Dawn woke me, early morning sun peeking through the blinds. This was immediately surprising as I hadn't expected to be able to sleep and had spent what seemed like hours lying awake on my bed, staring at the moon glow on the ceiling and wondering how my life had led to this one moment.

I'd never been more than an armchair political observer. And I didn't take a seat very often. Politics was never my thing, and keeping an eye on what was happening always took too much time. If other people brought something to my attention then, sure, I'd sign a petition and make some grumbly noises in a bar to my friends. But I never actually did anything, and I was fine with that. I liked to think I had an opinion on how we were all ruled by the wings and how squamata were expected to just toe the line and join the military, but it was never a conviction strong enough for me to, you know, take action.

Then again, a squamata still in school wasn't super common. Most people I knew born on my genodate had already quit education to go bite people overseas somewhere. So maybe that was a statement in itself.

Yet here I was, about to make a speech in the capital to anybody who would listen, about the most heretical, revolutionary concepts. Presuming I wasn't back in jail by the end of the day, after this I was done, and even if everything went as planned, all I wanted to do afterwards was disappear. Go back to being Kay. Make up for lost time.

Pulling apart two slats with my fingers, I looked out at the street, still mostly in shadow. There were people milling about, more than you'd expect for the time of day. They had a direction about them, as they sauntered in a faux-casual kinda way past the house and towards the Aviary gardens.

"Shit," I said.

Marv made sure I had some breakfast. I didn't want anything but he insisted, which probably was a good move.

"How you feeling?" he asked.

I moaned a little and thought about dunking my head in my cereal. "I'm yo-yoing between being on the verge of a panic attack and the calmest I've ever been. Like, as if this is my destiny, or something."

"This is your destiny," Cal announced, entering the room and pouring himself a glass of juice. "Think about it," he said, noting our expressions. "For centuries Earth has been manipulating us. Our genetic make-up is entirely controlled by them. Society and culture is manufactured and restricted so that we're what they want us to be. Did you know they have a television channel all about Locque, except it's presented like a fictional show?"

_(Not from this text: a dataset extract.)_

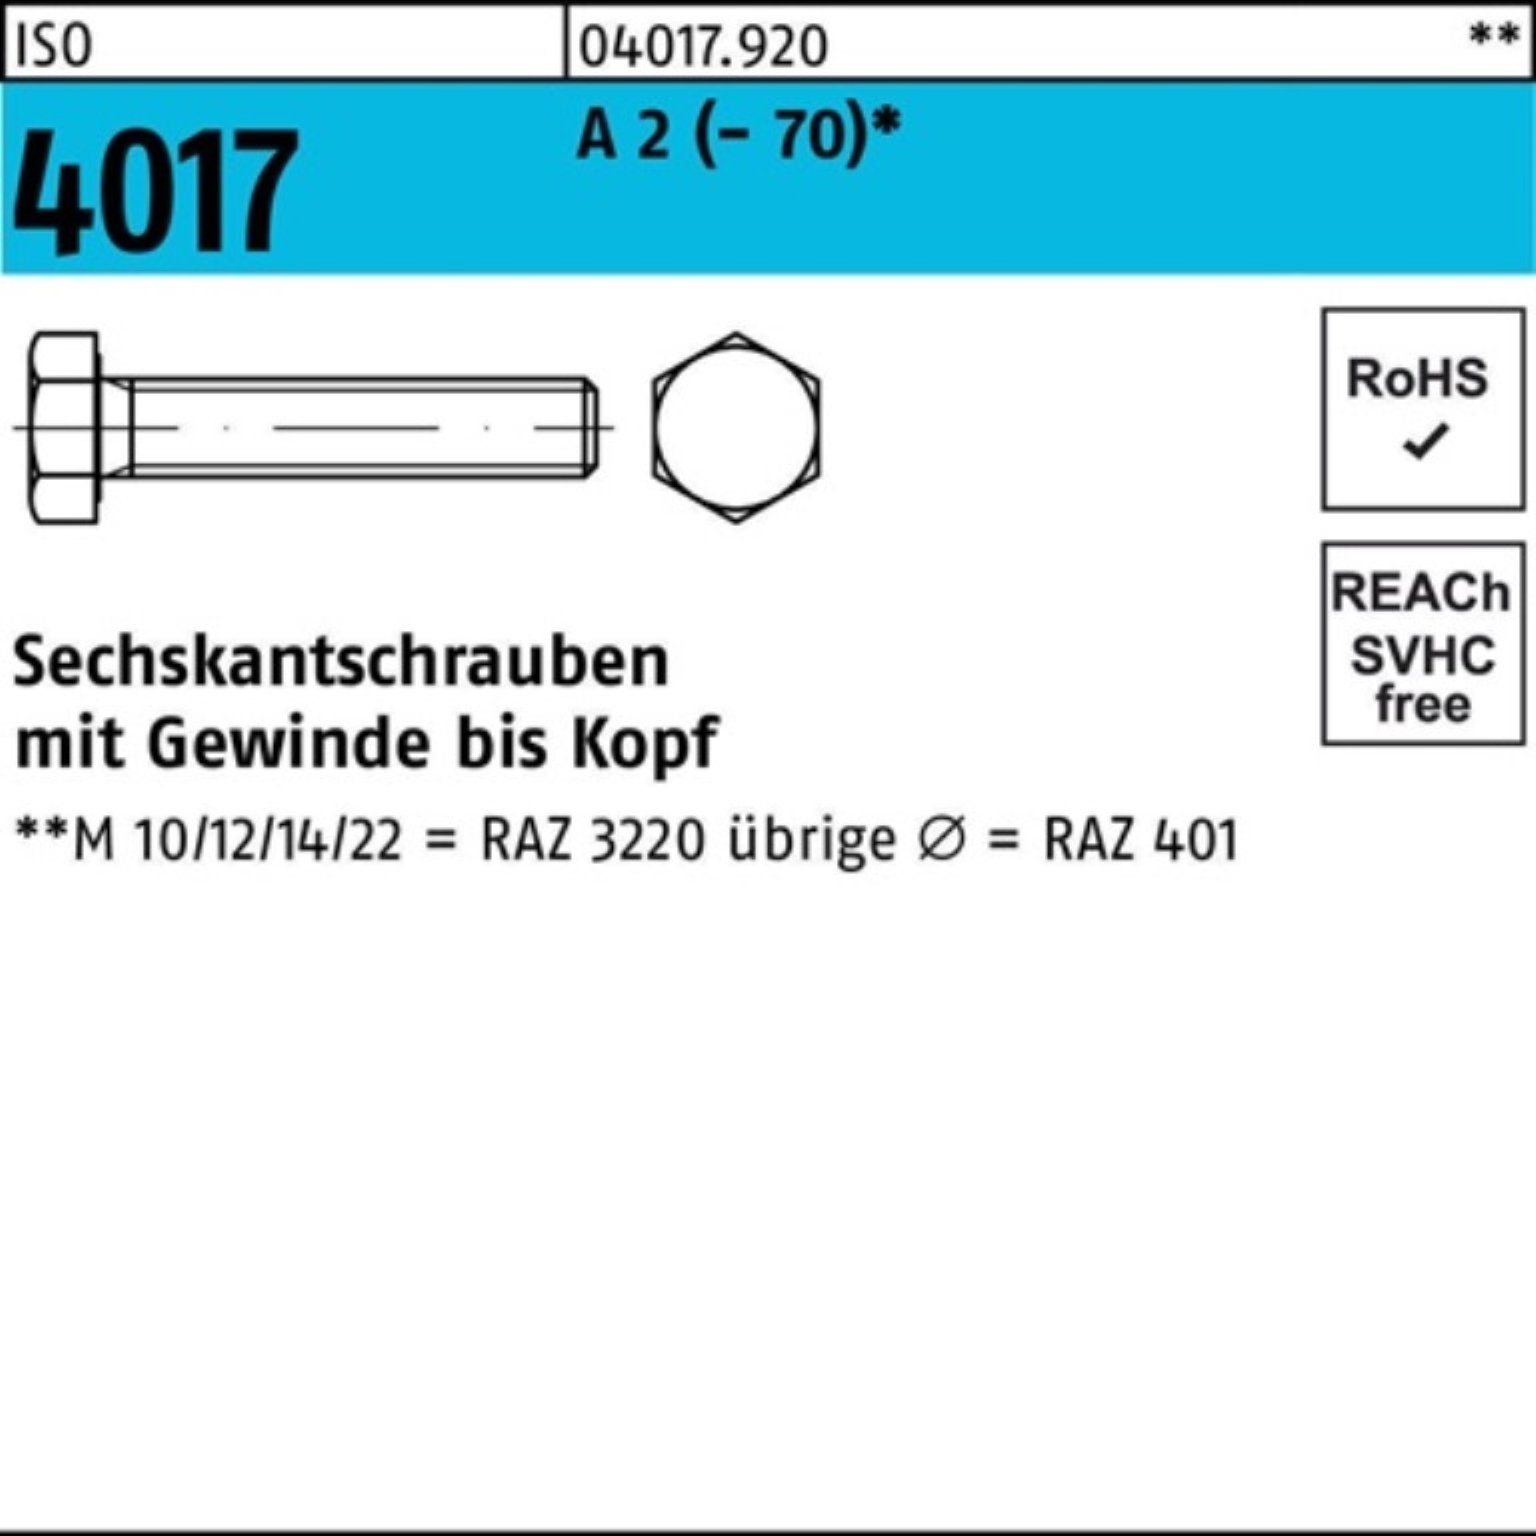 Bufab Sechskantschraube 100er Pack Sechskantschraube ISO 4017 VG M8x 40 A 2 (70) 100 Stück | Schrauben

I did not know that. It didn't surprise me, though.

"Point is, they've created this moment. You are, literally, designed to do what you do. I mean, it's not the design they intended, but it still sounds like destiny. And look at me - I'm the exact perfect change agent for this world. I'm custom built to change everything."

Marv laughed. "Yeah, well, they clearly didn't put any humble into your DNA."

We waited. An hour, then two. More and more people streamed past our shuttered windows and word came in from across town that the same was happening everywhere. There was a mass movement of people through the city, converging on the park. And it wasn't just Perlyn citizens - we're talking people from way off, all around the country and beyond.